A glorious romp through the international art world of the 1960s and
'70s
A New York Times Book Review 2019 holiday gift guide pick
The photographic duo Shunk and Kender created the defining images of the
international avant-garde of the 1960s and '70s. In late 1950s/early
1960s Paris, Shunk and Kender were close to the New Realist artists, and
as a result produced what remains probably their most famous photograph:
Leap into the Void, the portrait of Yves Klein jumping from a wall.
They also photographed Niki de Saint Phalle's famous gun performances
and the performance dinners of Daniel Spoerri. Established in New York
from 1967, Shunk and Kender photographed Andy Warhol and his Factory
entourage, recorded the performances of Yayoi Kusama, Trisha Brown and
many others, and participated in the avant-garde exhibitions of their
time, such as Pier 18 at the Museum of Modern Art (1971).
Much more than mere documentation, Shunk and Kender's photographs were
truly collaborative and participatory in spirit, and in many cases now
provide the sole evidence of the performances, happenings and other
unique events of that time.
This gorgeously produced, nearly 500-page volume from Xavier Barral
accompanies the first Shunk-Kender retrospective, held at the Centre
Pompidou, and is based on a selection of more than 10,000 vintage prints
from the Kandinsky Library, which entered into the Pompidou's collection
in 2008 through a donation from the Roy Lichtenstein Foundation.
Shunk-Kender: Art through the Eye of the Camera is the ultimate
account of the heady days of American and European postwar art, and a
defining example of that fascinating but rarely acknowledged
photographic genre: photography-of-art as art.

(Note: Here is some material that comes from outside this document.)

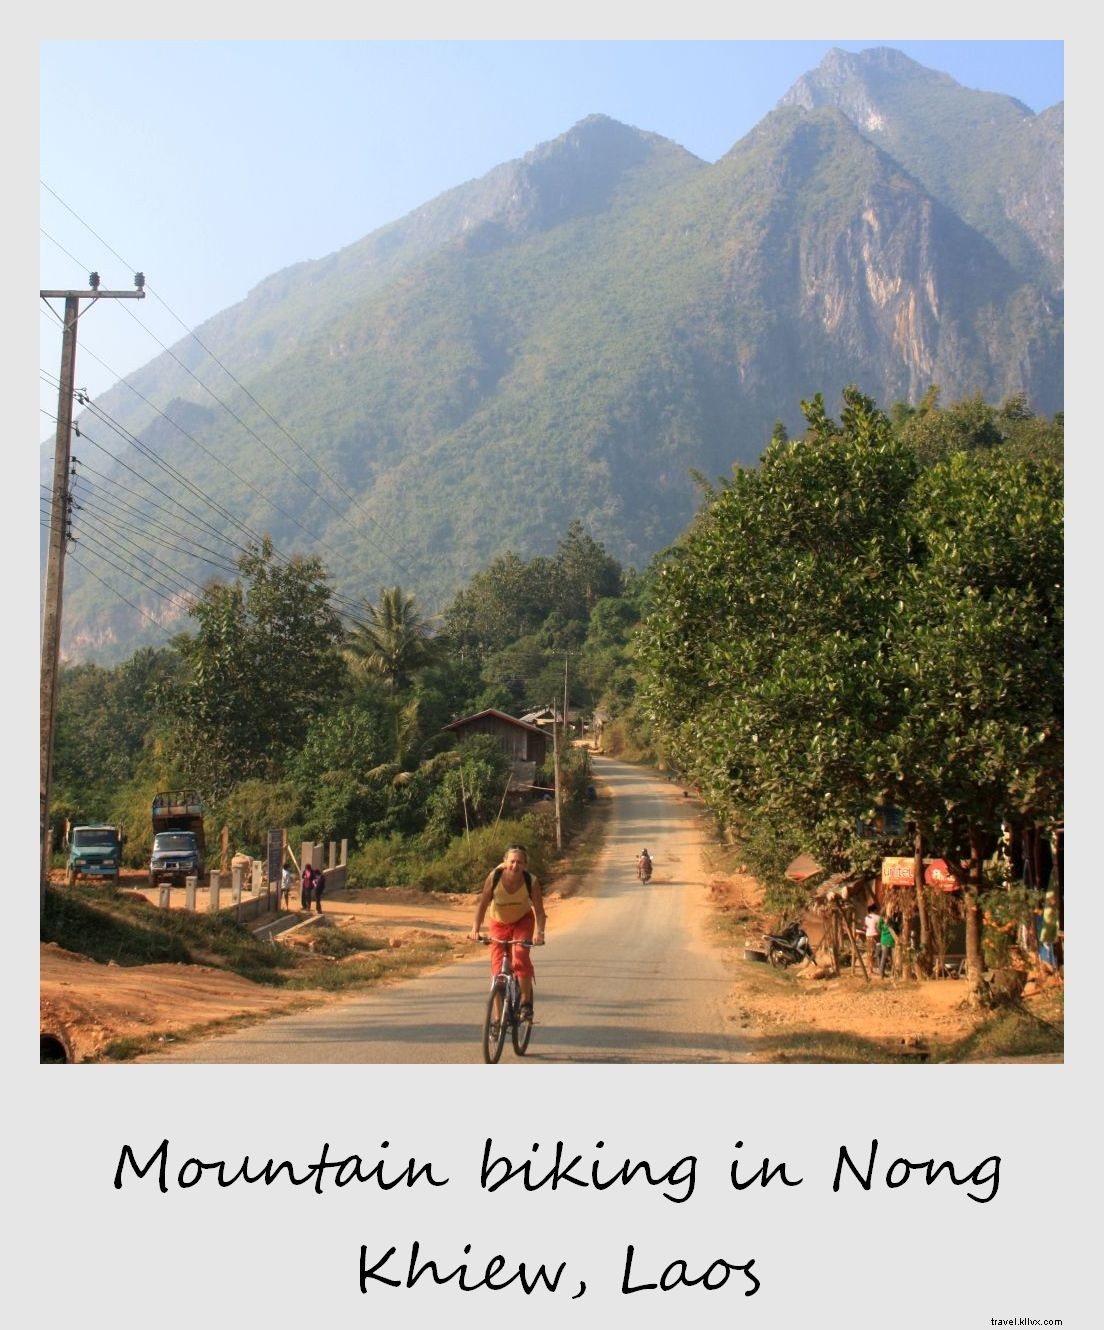 Polaroid minggu ini:Bersepeda gunung di Nong Khiew, Laos

The German photographer Harry Shunk (1924-2006) and his Hungarian
partner János Kender (1938-2009) produced some of the most iconic
images of postwar European and American art. In 2013, the Museum of
Modern Art acquired over 600 works from the Shunk-Kender Photography
Collection as a gift of the Roy Lichtenstein Foundation. This donation
established a consortium across five institutions--the Getty Research
Institute, the National Gallery of Art, Centre Pompidou, Tate and
MoMA--that together received the full Shunk-Kender archive.